Since OpenEdge 10.1C: a protrace.<pid> including the ABL stack if available.

UNIX: kill -SIGUSR1 PID
WINDOWS: %DLC%\bin\_debugConfig.exe" -getstack PID
on Windows the same version of %DLC%\pdbfiles as the current installed version + service pack/update + hotfix must be present in order to unwind the stack properly) Refer to Article: What is the purpose of .PDB files?

If a stacktrace is produced:

Run the command again at least 3 times to different files (or append to current file), so that the process state can be determined as static or changing between stacktrace snapshots.
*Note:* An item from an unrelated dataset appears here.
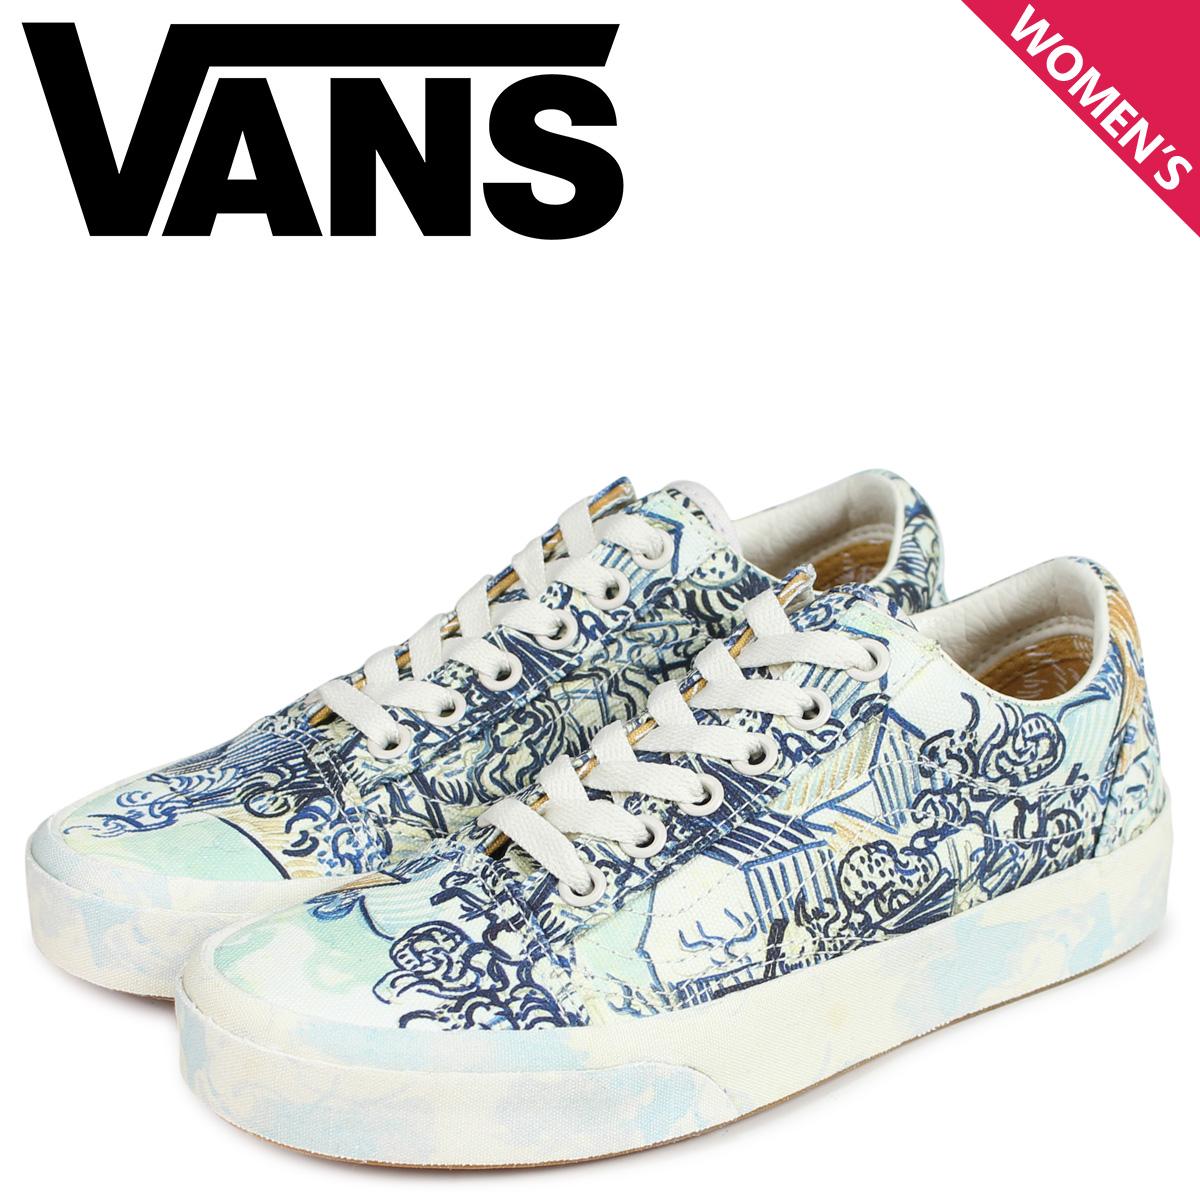 Vans VANS old school sneakers Lady's station wagons Gogh OLD SKOOL multi VN0A38G1UAX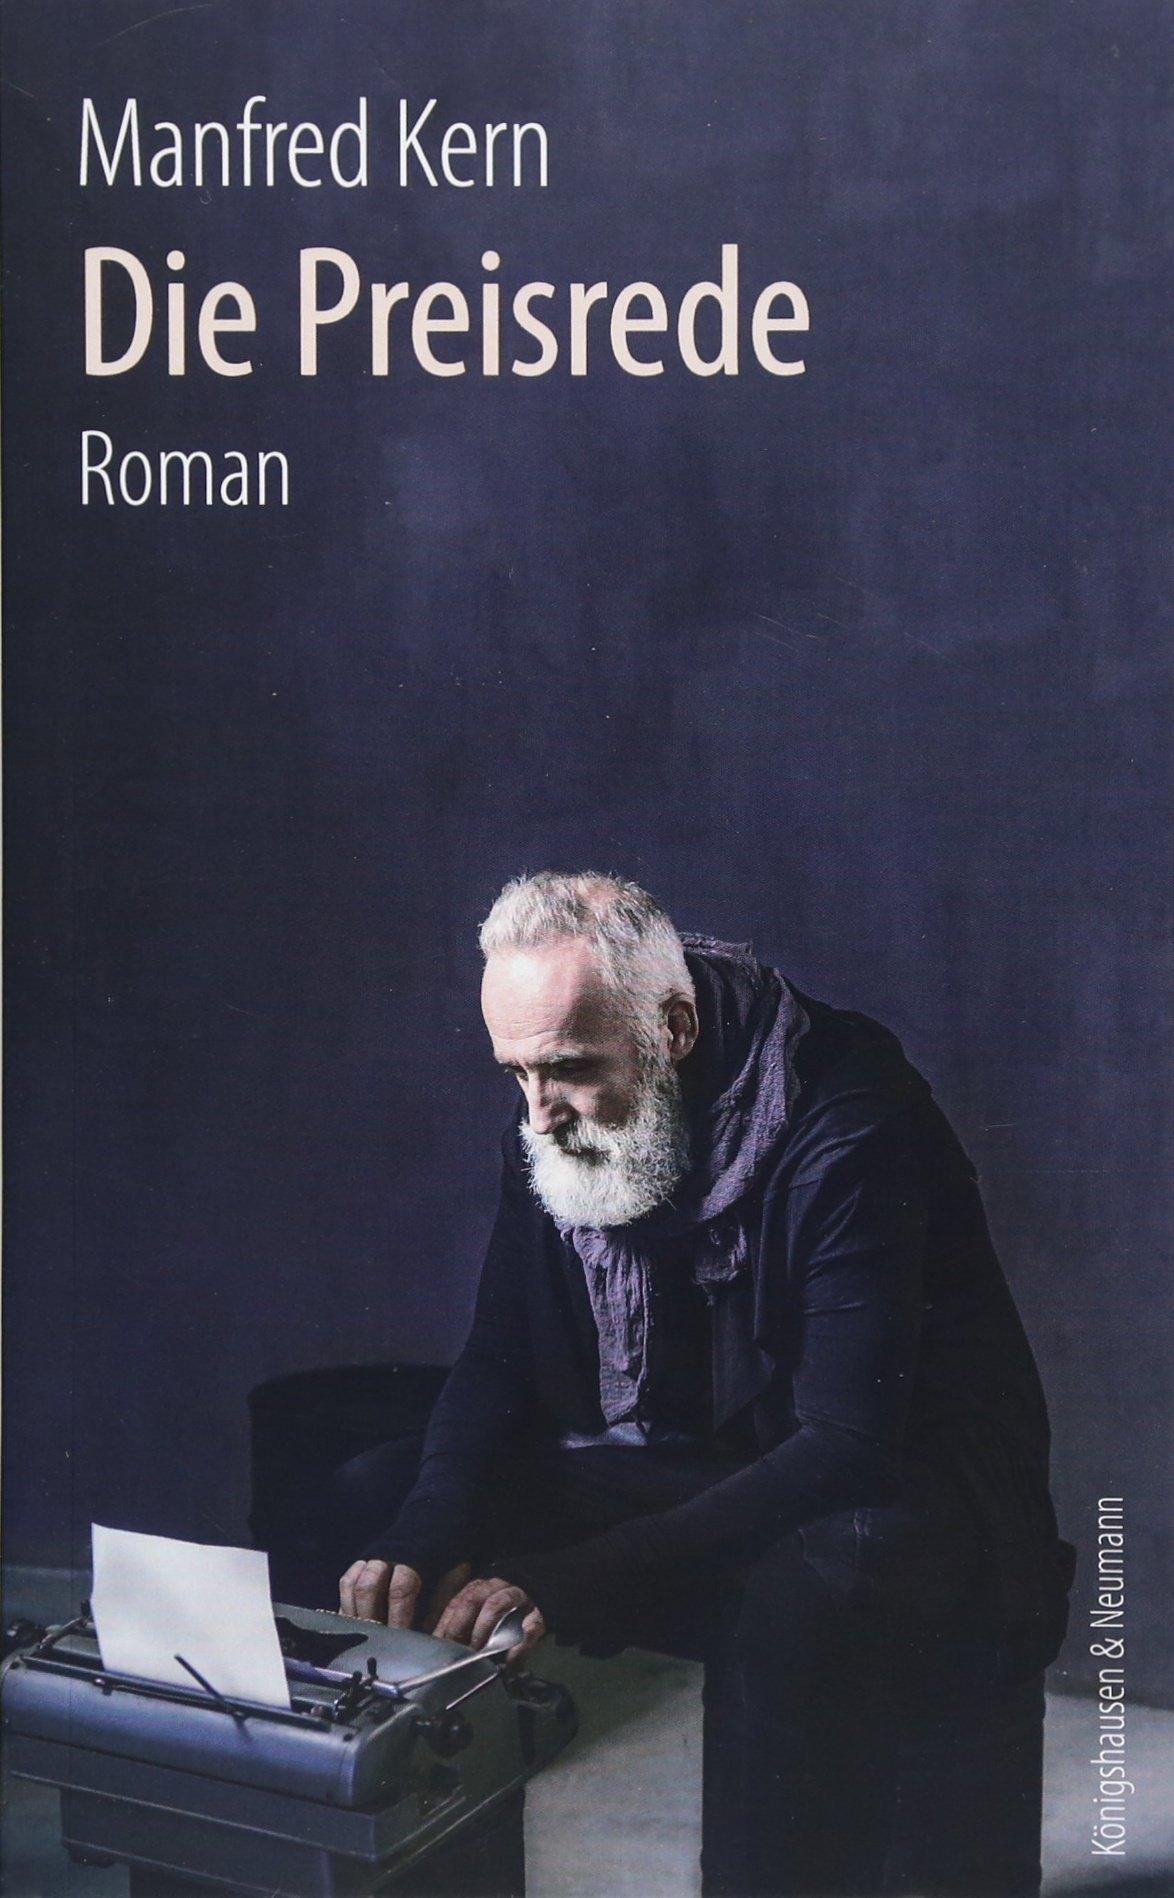 Die Preisrede: Roman: Amazon.de: Manfred Kern: Bücher

If a stacktrace is not been produced or hangs :

On UNIX: In the absence of stack information, generate a core file by using "kill -8 pid" as a last resort to gather information. As long as ulimit -c is not disabled and there are no suid or hardlimits preventing core file generation, a core file also provides information about the state of local and global variables in addition to the C-stack.

On Windows use Microsoft Process Explorer. (https://technet.microsoft.com/en-gb/sysinternals/bb896653.aspx)

Identify if the hung process is still attached to shared memory or a database file descriptor

On UNIX:

$   lsof -p <pid>

Review the list of file descriptors that the process is attached to. If any of the files listed is a database file, killing the process once information collection is complete, may well cause the database to crash. Start by running "kill -15 <pid>" (SIGHUP) to kindly ask the process to terminate, otherwise more aggressive kill options might be needed:

Guidelines on the use of UNIX kill command to stop a process

On Windows, one way to identify the process shared-memory or file handles is the Microsoft Process Explorer referred above:

View > Show Lower Pane [CTRL + L]
View > Lower Pane View > Handles [CTRL + H ]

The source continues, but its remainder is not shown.